# WHAT YOU SHOULD DO
A faithful copy of the listing below is needed, one that contains no pictures.

# COLLECTED DATA
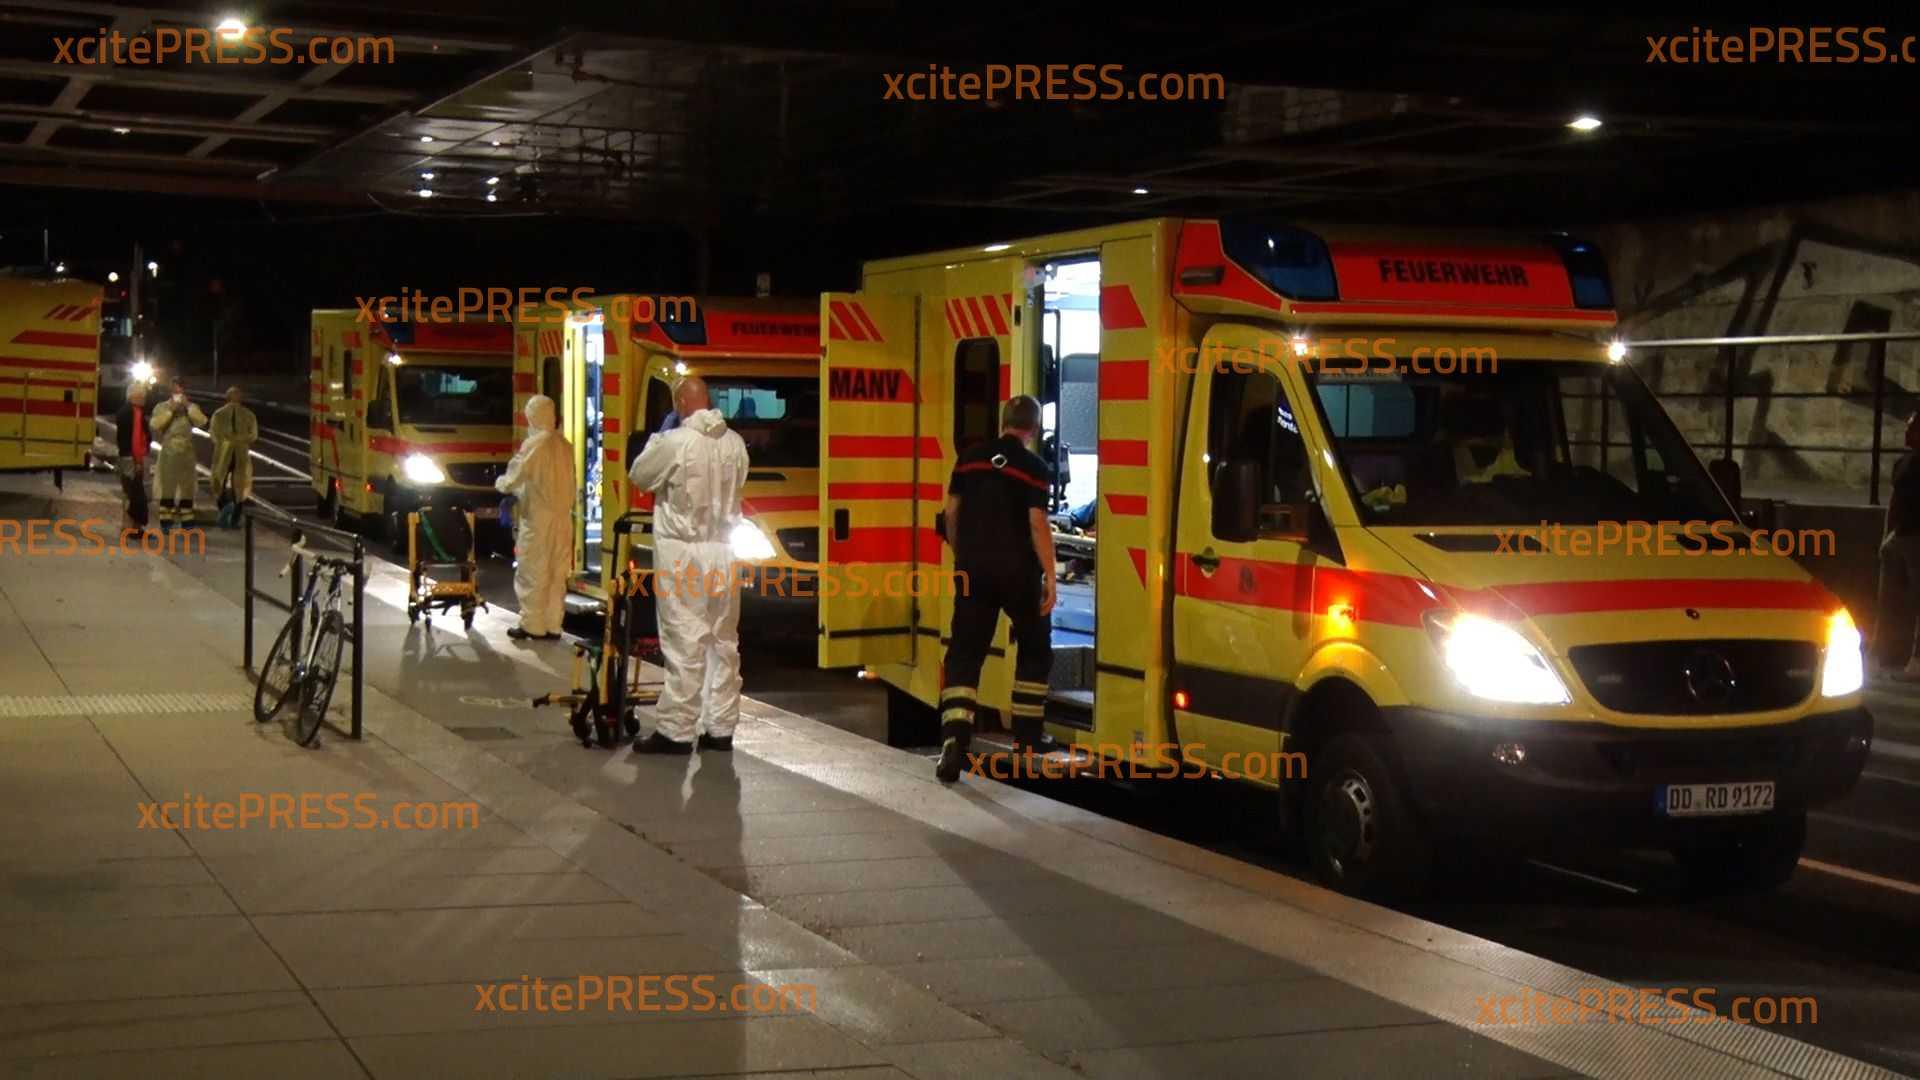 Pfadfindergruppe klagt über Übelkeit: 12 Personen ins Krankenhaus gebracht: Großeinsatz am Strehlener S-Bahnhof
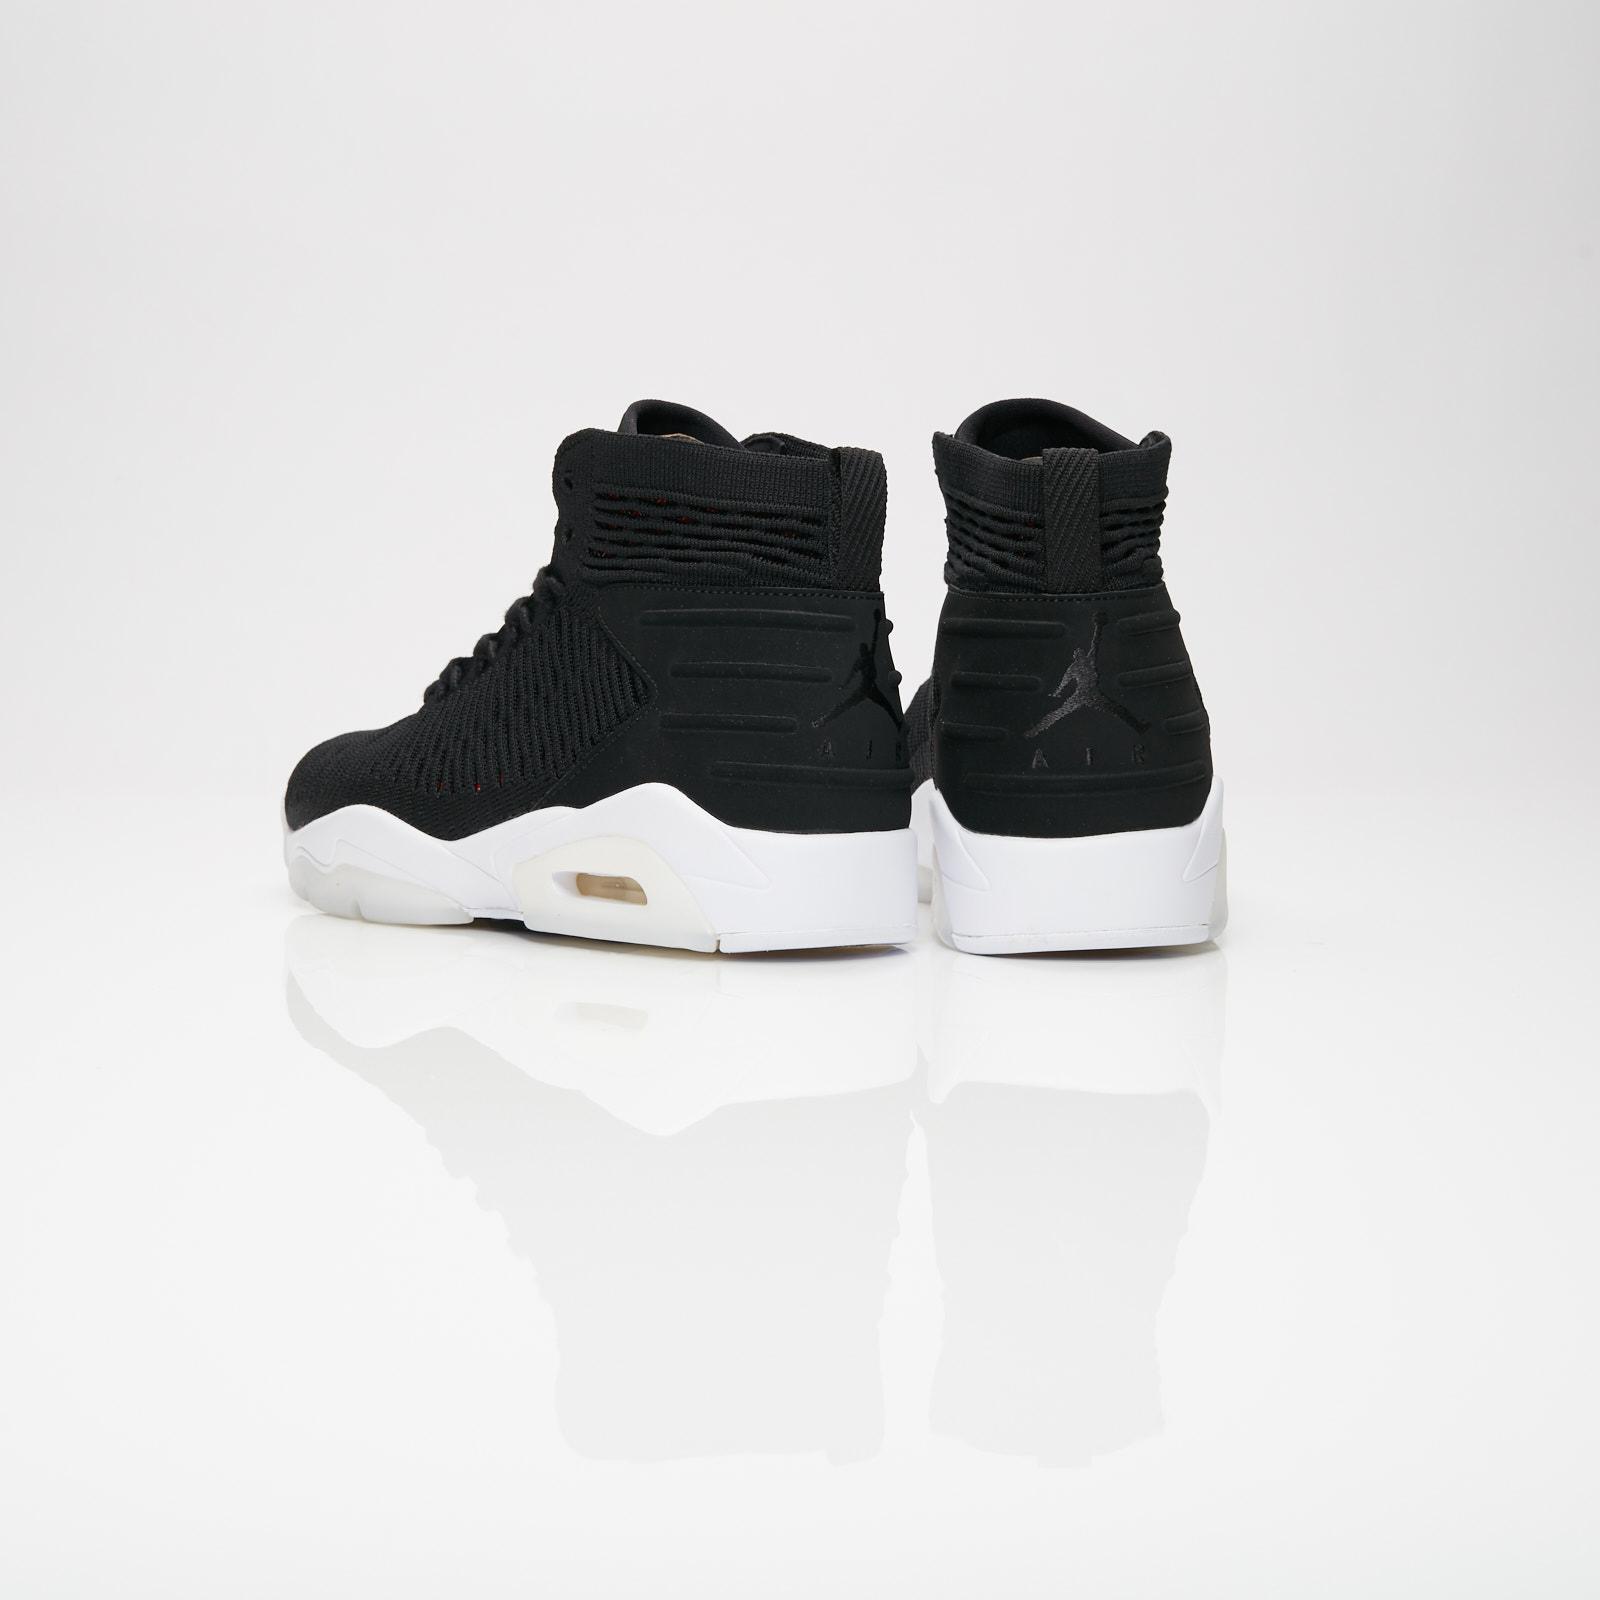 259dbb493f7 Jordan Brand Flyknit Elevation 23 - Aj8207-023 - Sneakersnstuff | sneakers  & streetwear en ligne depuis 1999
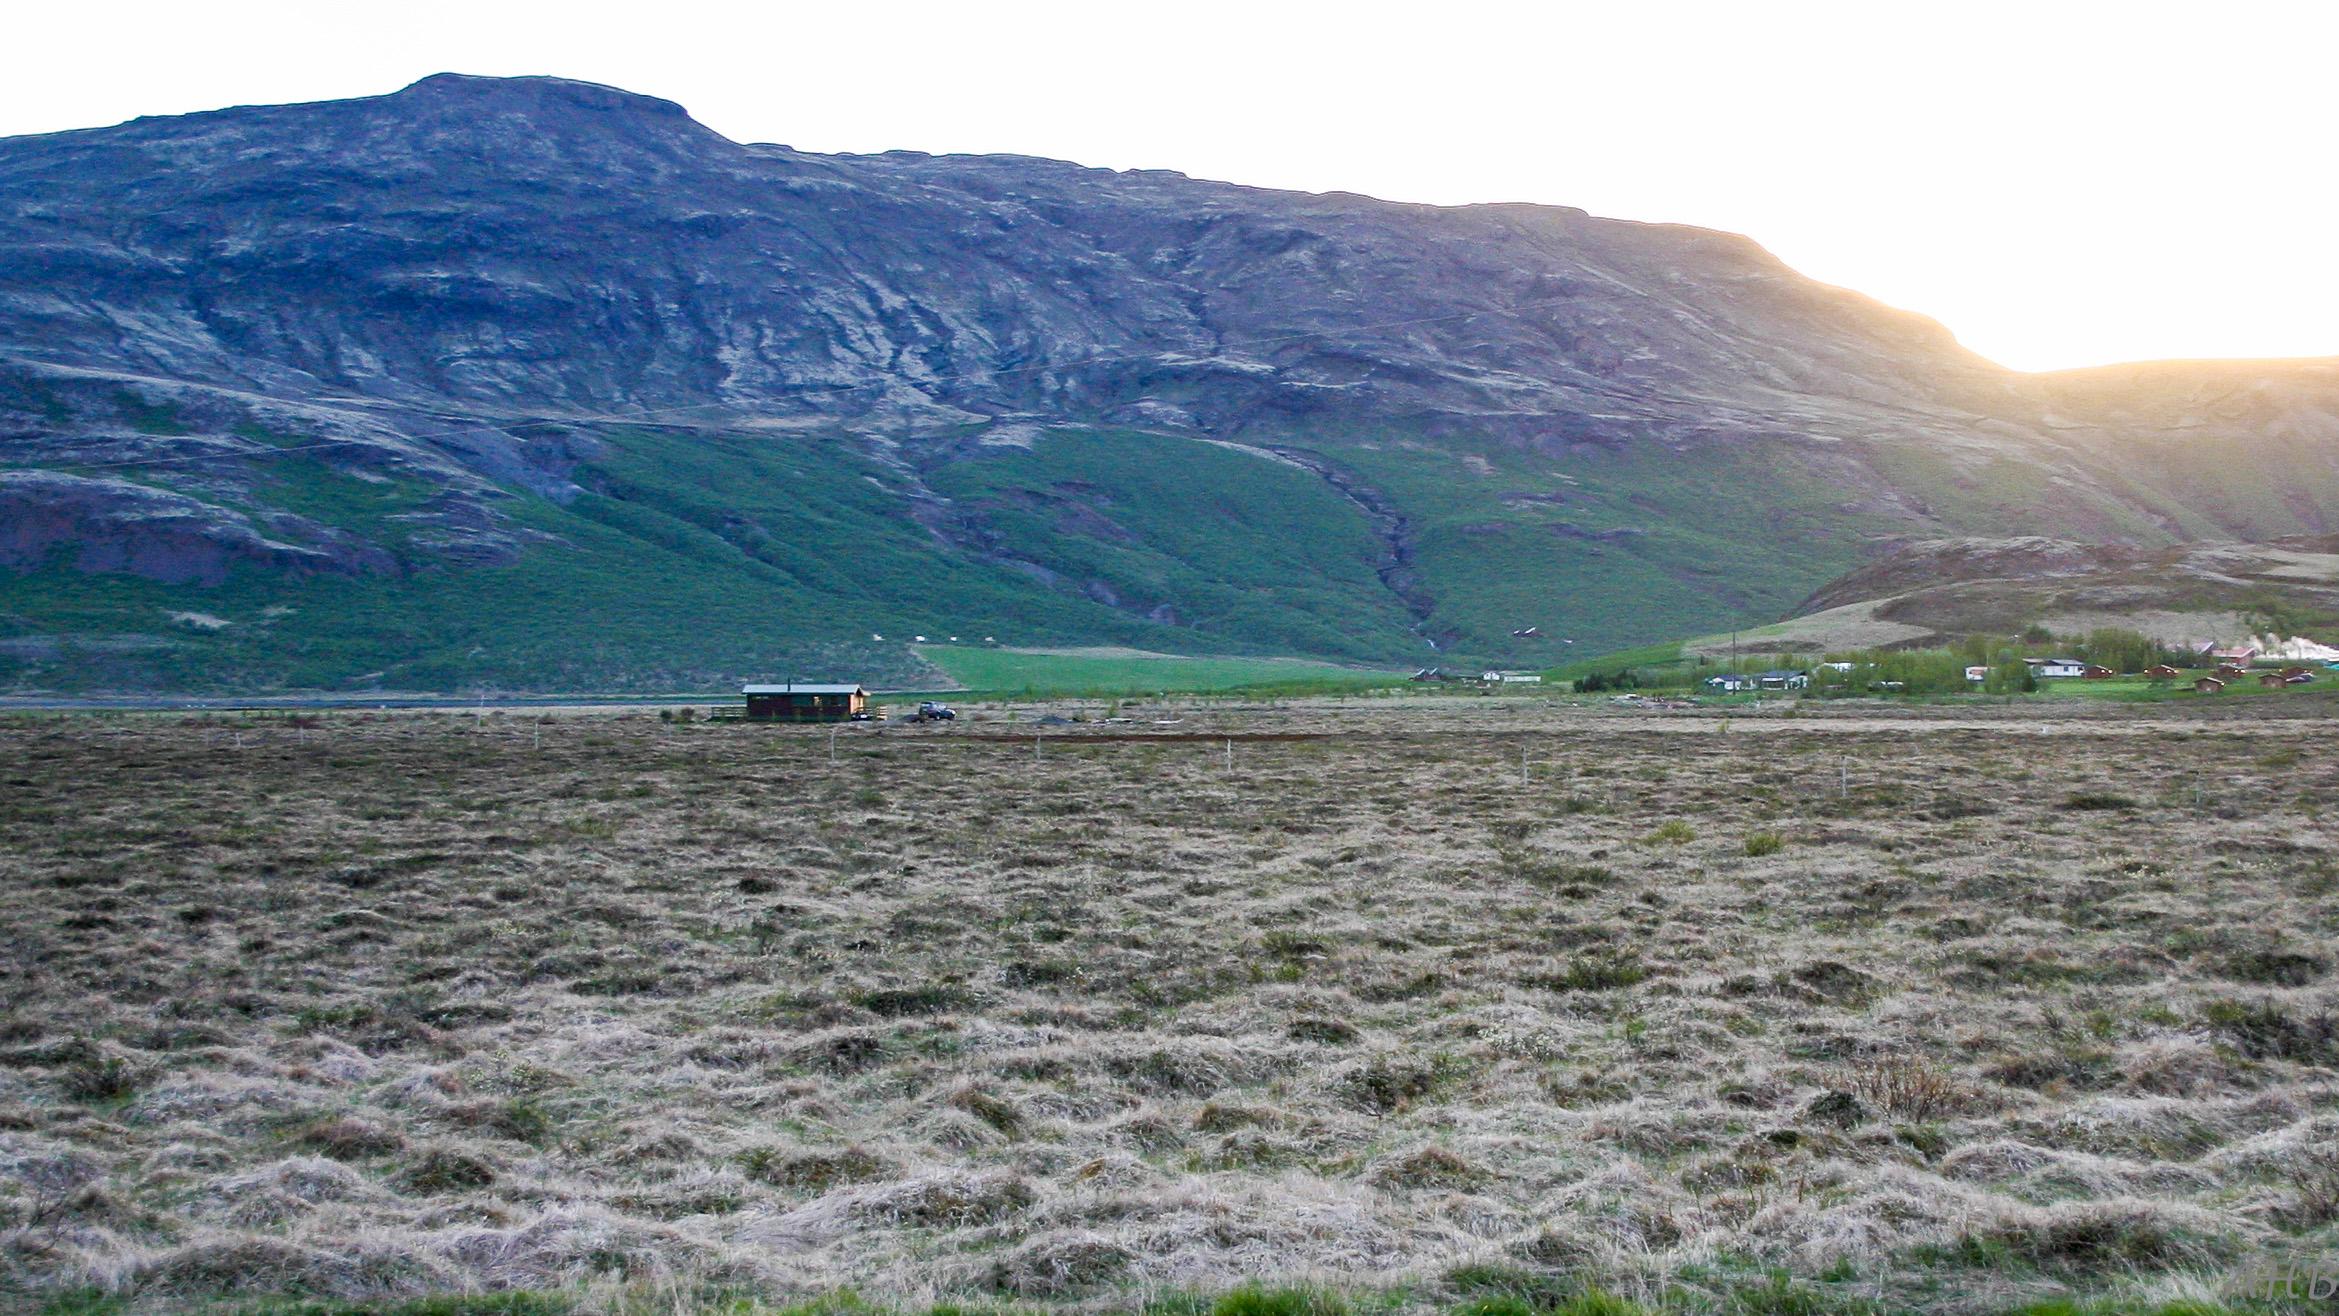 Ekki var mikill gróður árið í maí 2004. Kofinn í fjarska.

# PROBLEM SOLUTION
 Pfadfindergruppe klagt über Übelkeit: 12 Personen ins Krankenhaus gebracht: Großeinsatz am Strehlener S-Bahnhof
 259dbb493f7 Jordan Brand Flyknit Elevation 23 - Aj8207-023 - Sneakersnstuff | sneakers  & streetwear en ligne depuis 1999
 Ekki var mikill gróður árið í maí 2004. Kofinn í fjarska.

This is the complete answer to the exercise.